The culmination of Lee’s invasion of the North, the Battle of Gettysburg (July1-3 1863) proved to be one of Longstreet’s most controversial moments of the war. Long known for his slowness in readying his armies for combat, Longstreet delayed his offensive on the battle’s second day in order to coordinate his forces, a move that his detractors would later argue allowed Union General George Meade to prepare for the attack.
On the third day of the battle, Longstreet reluctantly oversaw the infamous offensive known as “Pickett’s Charge,” an attack by over 12,500 Confederates on the center of the Union lines. Longstreet’s initial reservations about the attack proved correct, and the charge resulted in over 50 percent casualties and ended in a decisive Confederate defeat.
James Longstreet: Later Civil War Service
After the loss at Gettysburg, Longstreet received permission to move the majority of his corps to the Western Theater of the war to support the forces of General Braxton Bragg. In this capacity, Longstreet won a crucial victory at the Battle of Chickamauga in September 1863. A personality clash with Bragg later saw Longstreet’s forces moved to east Tennessee, where he unsuccessfully tried to take the city of Knoxville from Union General Ambrose Burnside.

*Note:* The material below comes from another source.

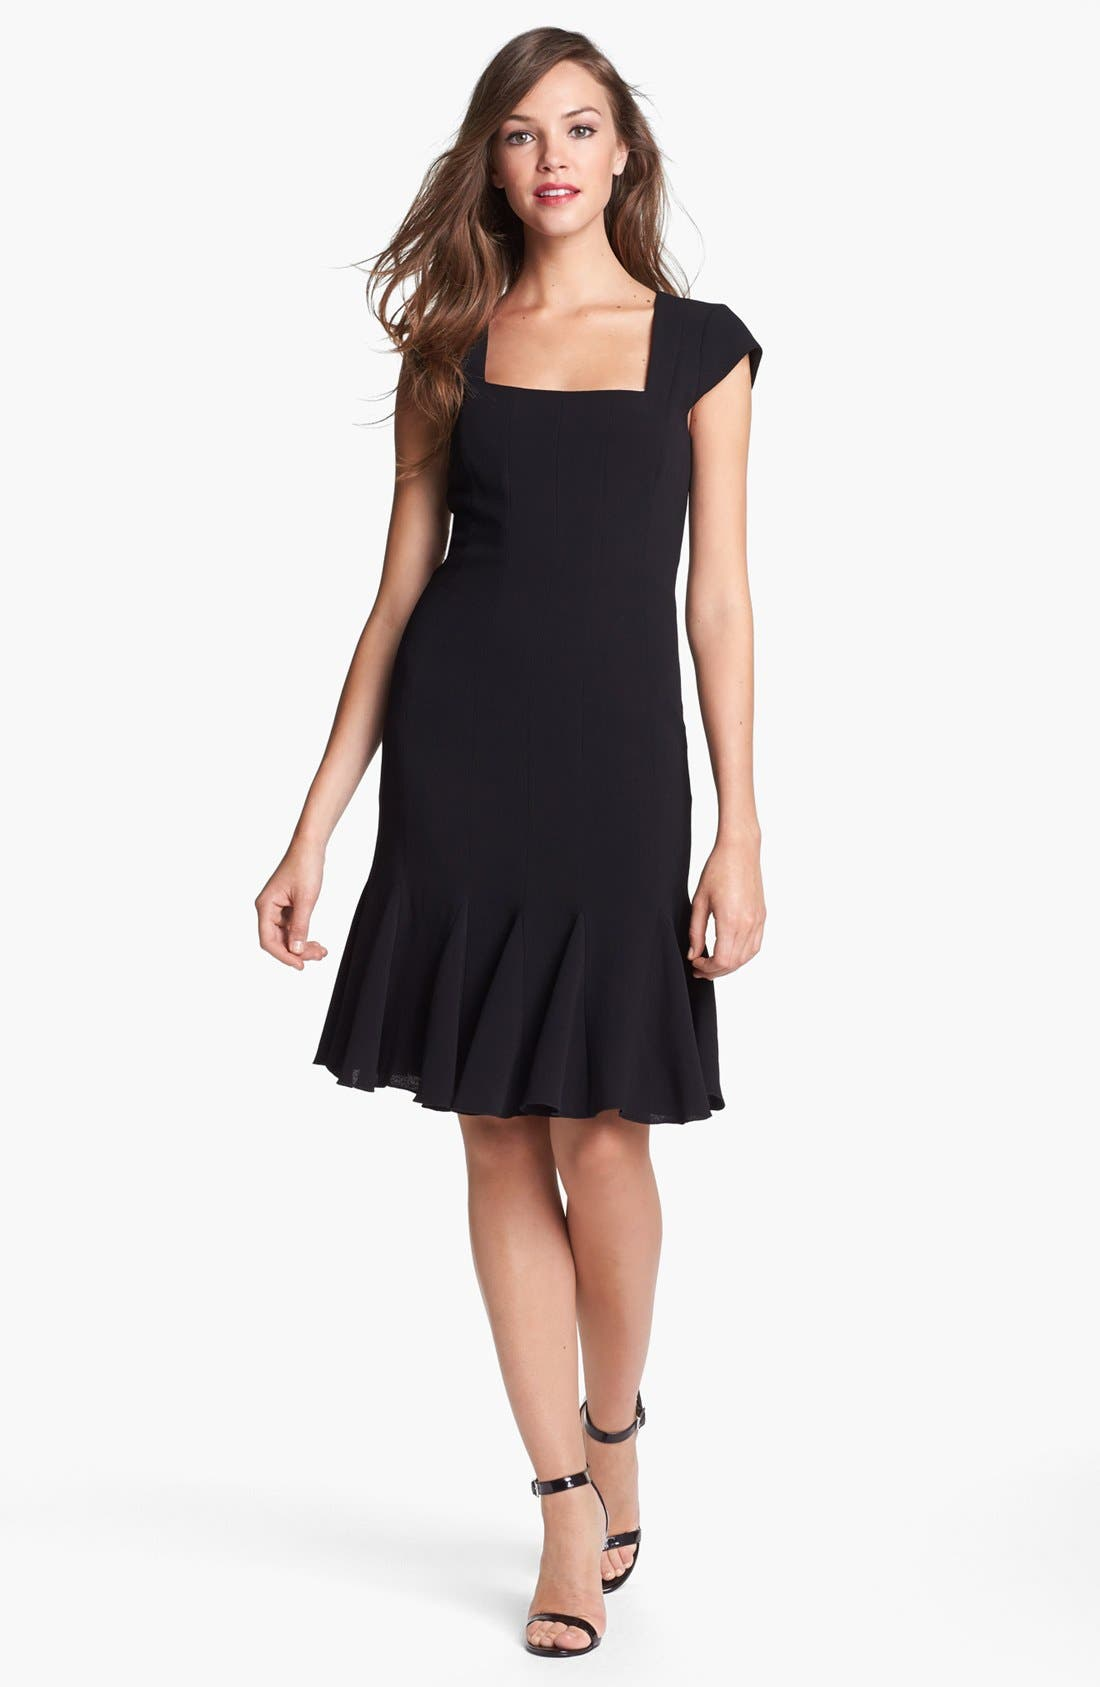 Main Image - BCBGMAXAZRIA Cap Sleeve Fit & Flare Dress

Longstreet was reunited with Lee’s Army of Northern Virginia in early 1864. During the Battle of the Wilderness in May of that year, Longstreet was accidentally wounded by his own men. Despite an injury that paralyzed his right arm, he returned to duty in October 1864. Late in the war, Longstreet protected critical railroad lines while in command of forces entrenched between Richmond and the James River. In 1865 he surrendered along with Robert E. Lee at Appomattox.
James Longstreet: Postwar Career
After the war, Longstreet settled in New Orleans and went into private business. He supported the Republican Party, and in 1868 endorsed former Union commander Ulysses S. Grant’s presidential run—a move that sullied his reputation in the South. Throughout his later life, Longstreet was one of the popular targets of the Lost Cause movement, a literary and cultural crusade that condemned Reconstruction efforts and sought to shift blame for the Confederate defeat away from Robert E. Lee. Longstreet would spend much of his later life defending himself against repeated attacks from these critics, who argued that his slowness in mobilizing his troops and his disagreements with Lee represented a betrayal of the Confederacy.

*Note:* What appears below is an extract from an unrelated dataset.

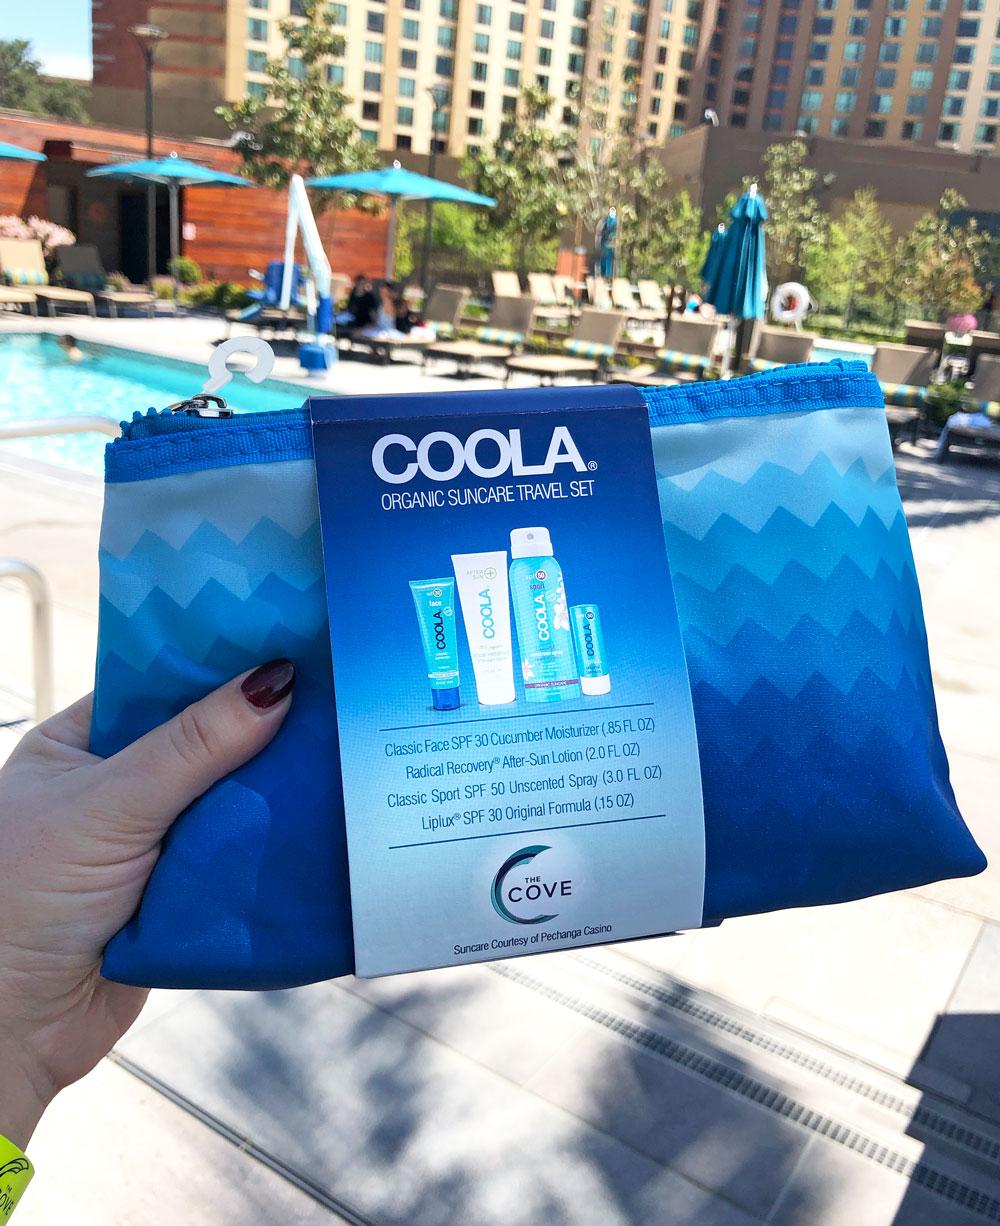 COOLA Organic Suncare Travel Set at The Cove Pechanga

Longstreet later briefly served as the adjutant general of the state militia of Louisiana in the early 1870s. During this time, he ordered a group of African-American militia soldiers to quell a riot by a white citizens’ group—a move that only further damaged his reputation in the South.

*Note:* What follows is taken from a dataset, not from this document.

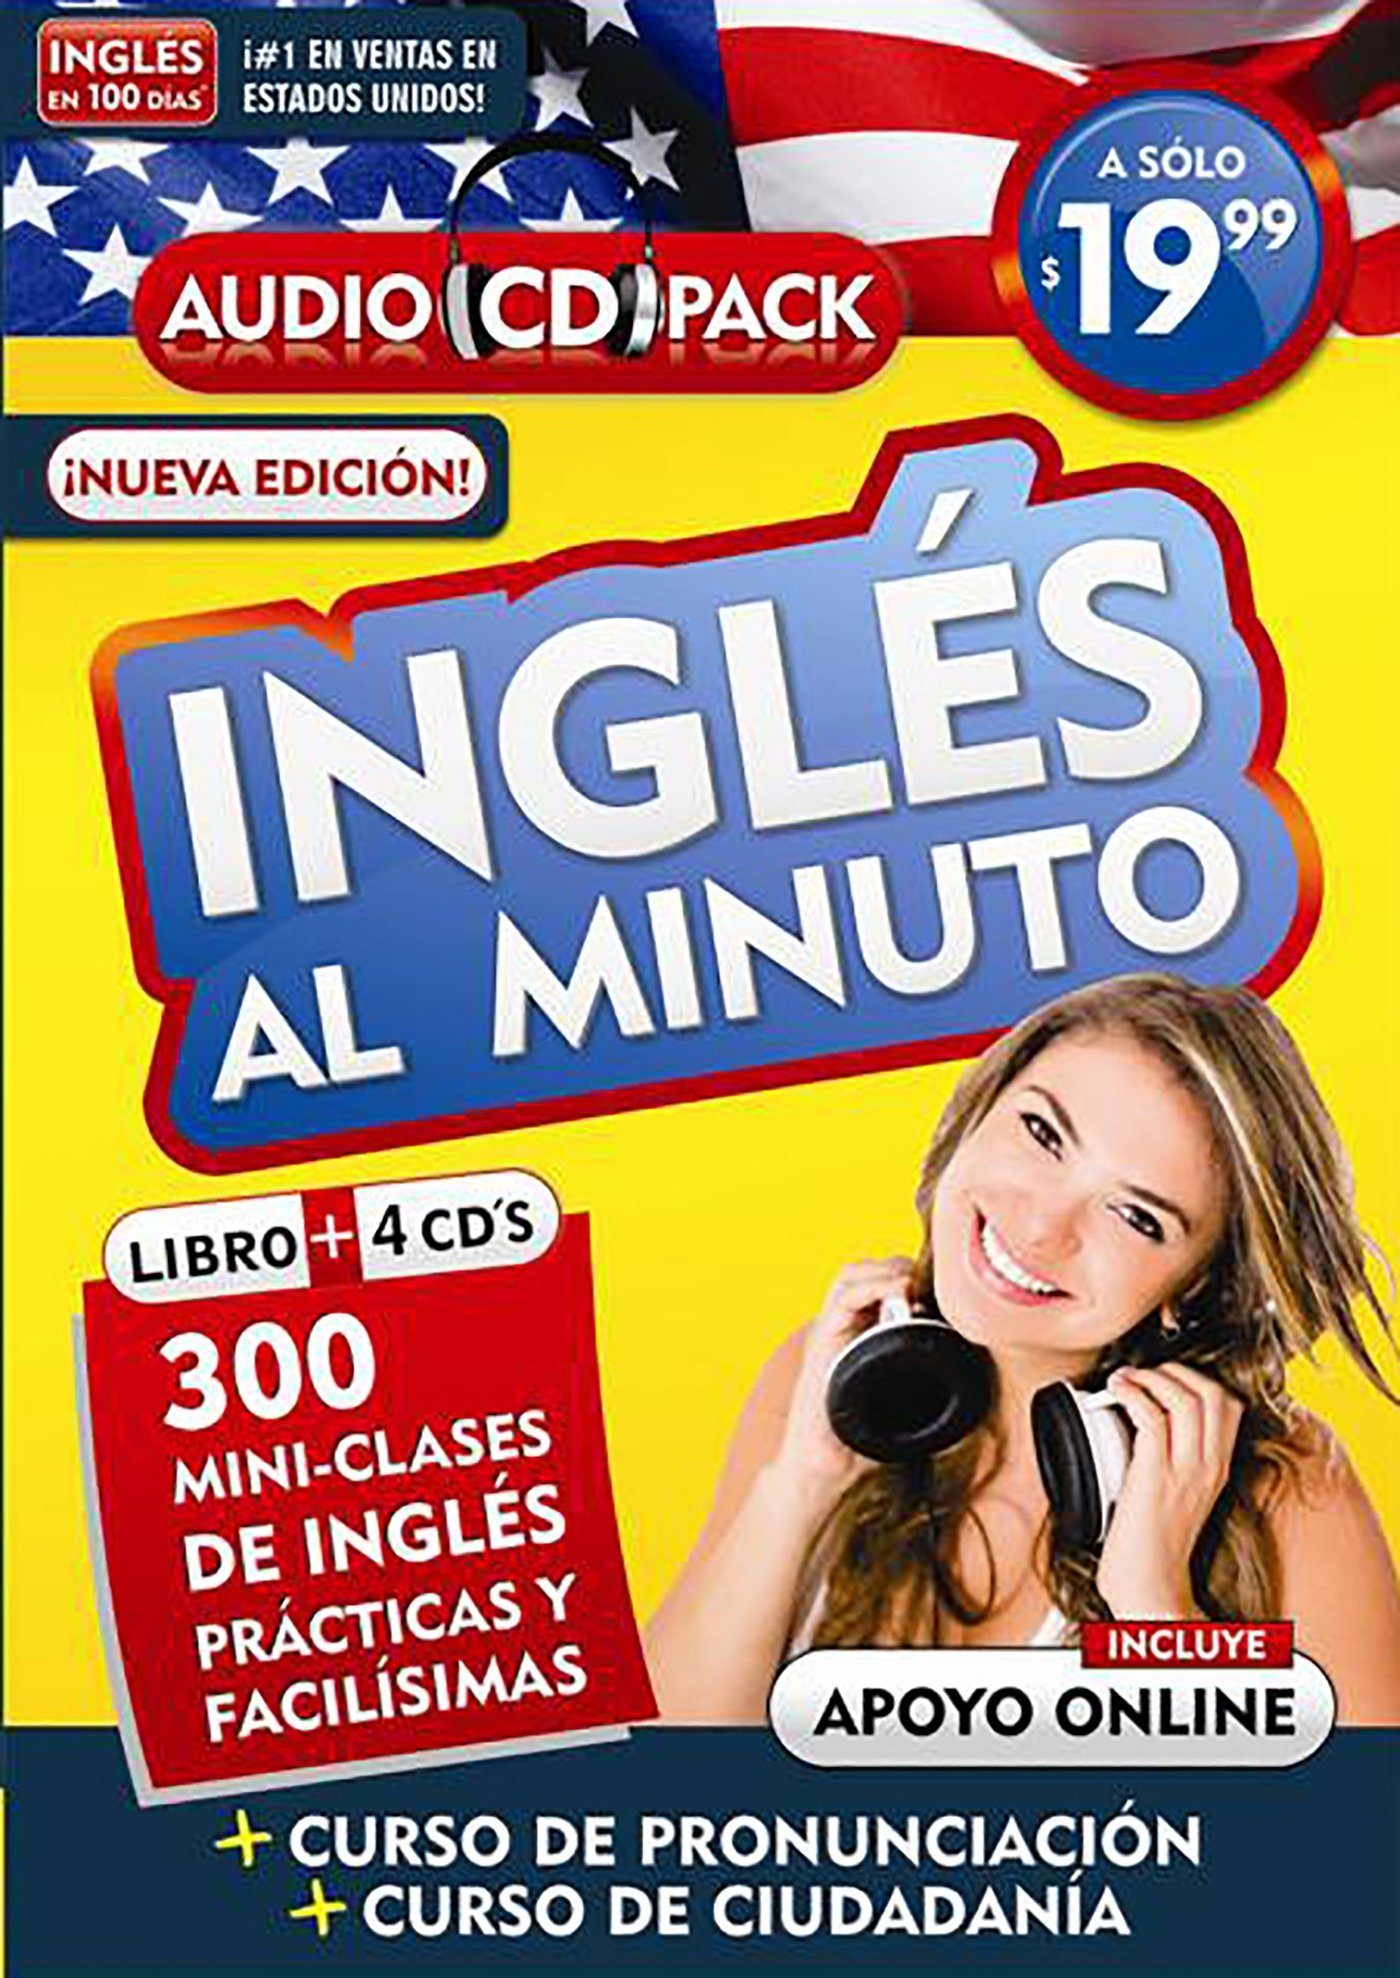 Inglés en 100 días - Inglés al minuto - Audio Pack (Libro + 4 CD's Audio)

Fearing for his family’s safety, Longstreet left New Orleans and returned to Georgia in 1875. He would go on to serve in a variety of government positions, including a stretch as the U.S. ambassador to Turkey from 1880-81. Following his wife Louise’s death he served as a railroad commissioner and attempted to refute the many attacks on his character in his 1896 memoirs From Manassas to Appomattox. In 1897 Longstreet married Helen Dortch, a woman over 40 years his junior. Longstreet died seven years later in 1904 at the age of 82.